И лошади шли тряской рысью.
— А куда мы едем? — Ийлэ казалось, что они направляются в город, но у ручья доктор свернул, направив лошадь по едва заметной тропинке, и та сама перешла на шаг.
— В одно тихое место. — Доктор держался обеими руками за луку седла. И все равно кренился то влево, то вправо, почти сползая, удерживаясь на конской спине разве что чудом. — Послушай, деточка…
Он всегда обращался к Ийлэ именно так, даже когда она стала взрослой. А ей это обращение не нравилось.
И в тот раз она нахмурилась, хотя человек и не видел ее лица.
— …в городе для тебя не безопасно… у меня есть охотничий домик…
— У вас?
— Мой дед еще построил, — отмахнулся доктор. Сам он охоту не жаловал и в ежегодной травле лис участия не принимал, не столько оттого, что лис было жалко, сколько из-за врожденной своей неловкости, которой супруга его стыдилась. — Я давненько там уже не бывал…
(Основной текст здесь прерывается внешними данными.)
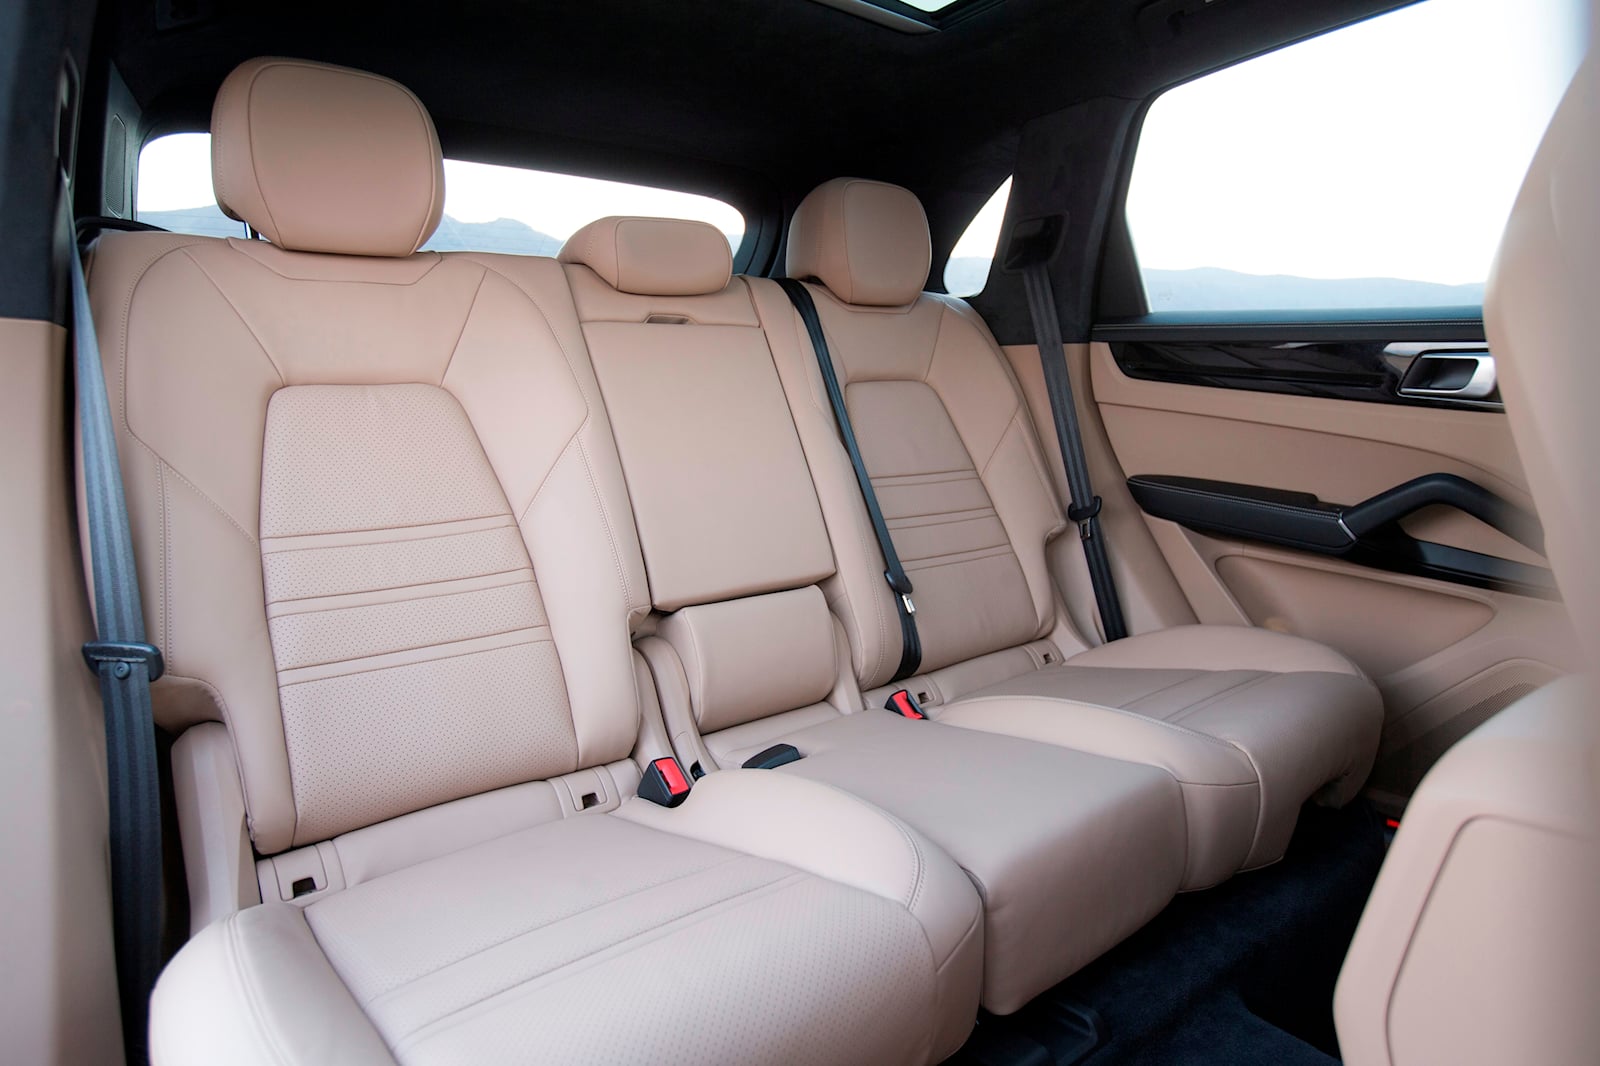 Porsche Cayenne S interior - Rear Seats

Лес смыкался за спиной Ийлэ.
Лес шептал, что осень в разгаре и лещина, на радость сойкам, разродилась небывалым урожаем орехов. Что березы почти расстались с золотой своею листвой, а в старой лощине обжился пришлый медведь, тоже старый, сонный уже… Лес рассказывал о нем и о зайцах, которых ныне расплодилось множество, но вряд ли все переживут зиму, потому как у волков тоже приплод имеется… он говорил о кабаньем семействе, которое отличалось воистину свинским характером и не столько желуди ело, сколько норовило подрыть корни старого дуба… а дуб стоял, он выдержал уже не одну осаду и готов был выдержать еще множество…
…лес говорил и о человеке, с неприязнью, но лес людей не любил в принципе.
Доктор же, спешившись, наклонился, он был нелеп, знаком и безопасен. И распрямлялся со стоном, упираясь ладонями в поясницу.
— Прости, деточка, стар я стал… никогда-то верхом ездить не умел. — Он взял лошадь под уздцы и, подведя к огромному камню, забросил поводья на ветку. — Пусть тут постоит… и ты свою оставь. Пешком оно быстрей будет.
Доктор сам снял седельные сумки, закинул на плечо. Вздохнул.
— Дом старый, — произнес он, извиняясь. — И я давно не заглядывал…
Дом Ийлэ увидела не сразу, настолько тот сроднился с лесом. Врос в землю, покрылся толстым мхом, в котором протянулись бледные нити грибницы. Они прошивали старые бревна, цепляясь за них и одновременно скрепляя друг с другом. Плоская крыша, не черная, не зеленая, но словно сшитая из лоскутов. Слепые окна.
И ставни приходится выковыривать. Доктор сопит и пыхтит. Старается. А Ийлэ пытается понять, как она будет жить в подобном месте? Здесь же грязно! И паутина! И мухи дохлые… сыростью воняет, плесенью. В принципе воняет! Она не хочет оставаться, и уж лучше в город… не безопасно?
Это лишь слова.
Тогда Ийлэ относилась к словам не всерьез.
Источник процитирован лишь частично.